# [TASK]
May I have the lines from the one containing "tendencias-reclutamiento-infografia" to the end of the entries, returned exactly and with nothing else?

# [GIVEN DATA]
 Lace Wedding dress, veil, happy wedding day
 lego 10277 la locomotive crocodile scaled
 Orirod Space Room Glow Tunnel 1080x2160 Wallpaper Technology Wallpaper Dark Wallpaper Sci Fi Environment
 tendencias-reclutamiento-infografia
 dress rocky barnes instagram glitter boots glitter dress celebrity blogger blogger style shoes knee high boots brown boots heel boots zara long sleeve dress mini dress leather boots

# [FINAL ANSWER]
 tendencias-reclutamiento-infografia
 dress rocky barnes instagram glitter boots glitter dress celebrity blogger blogger style shoes knee high boots brown boots heel boots zara long sleeve dress mini dress leather boots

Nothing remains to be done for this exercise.